Top of Record extracts
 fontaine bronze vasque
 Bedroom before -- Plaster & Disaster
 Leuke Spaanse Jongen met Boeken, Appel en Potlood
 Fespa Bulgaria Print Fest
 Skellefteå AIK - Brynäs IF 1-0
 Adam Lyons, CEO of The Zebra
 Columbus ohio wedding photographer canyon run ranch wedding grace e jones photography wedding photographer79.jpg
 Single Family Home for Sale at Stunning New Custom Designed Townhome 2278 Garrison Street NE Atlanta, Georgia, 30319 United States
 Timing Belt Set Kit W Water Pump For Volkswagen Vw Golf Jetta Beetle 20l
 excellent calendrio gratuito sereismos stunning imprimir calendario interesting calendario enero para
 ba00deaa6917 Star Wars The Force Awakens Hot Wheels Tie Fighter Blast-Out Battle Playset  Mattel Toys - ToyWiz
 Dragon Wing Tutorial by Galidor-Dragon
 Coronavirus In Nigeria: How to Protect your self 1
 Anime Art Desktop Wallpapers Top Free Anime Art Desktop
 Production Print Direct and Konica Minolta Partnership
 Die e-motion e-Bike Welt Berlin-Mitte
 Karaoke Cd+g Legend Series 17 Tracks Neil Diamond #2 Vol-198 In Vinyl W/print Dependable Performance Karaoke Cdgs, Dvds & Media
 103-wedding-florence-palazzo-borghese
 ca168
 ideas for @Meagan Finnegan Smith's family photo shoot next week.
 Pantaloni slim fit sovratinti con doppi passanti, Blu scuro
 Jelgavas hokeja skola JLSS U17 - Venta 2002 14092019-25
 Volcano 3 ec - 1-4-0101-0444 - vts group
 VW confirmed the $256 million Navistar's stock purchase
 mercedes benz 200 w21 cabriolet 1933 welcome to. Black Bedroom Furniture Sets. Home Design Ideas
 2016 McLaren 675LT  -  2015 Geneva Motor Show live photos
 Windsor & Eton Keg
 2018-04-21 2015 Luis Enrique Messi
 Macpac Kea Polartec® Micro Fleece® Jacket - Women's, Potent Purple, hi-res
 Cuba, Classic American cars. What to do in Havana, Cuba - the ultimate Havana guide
Bottom of Record extracts
## [What is being asked]
In the listing above, find the line with "Karaoke Cd+g Legend" and the line with "Macpac Kea Polartec®", then print exactly those two lines and every line between them, and nothing more.

## [Answer box]
 Karaoke Cd+g Legend Series 17 Tracks Neil Diamond #2 Vol-198 In Vinyl W/print Dependable Performance Karaoke Cdgs, Dvds & Media
 103-wedding-florence-palazzo-borghese
 ca168
 ideas for @Meagan Finnegan Smith's family photo shoot next week.
 Pantaloni slim fit sovratinti con doppi passanti, Blu scuro
 Jelgavas hokeja skola JLSS U17 - Venta 2002 14092019-25
 Volcano 3 ec - 1-4-0101-0444 - vts group
 VW confirmed the $256 million Navistar's stock purchase
 mercedes benz 200 w21 cabriolet 1933 welcome to. Black Bedroom Furniture Sets. Home Design Ideas
 2016 McLaren 675LT  -  2015 Geneva Motor Show live photos
 Windsor & Eton Keg
 2018-04-21 2015 Luis Enrique Messi
 Macpac Kea Polartec® Micro Fleece® Jacket - Women's, Potent Purple, hi-res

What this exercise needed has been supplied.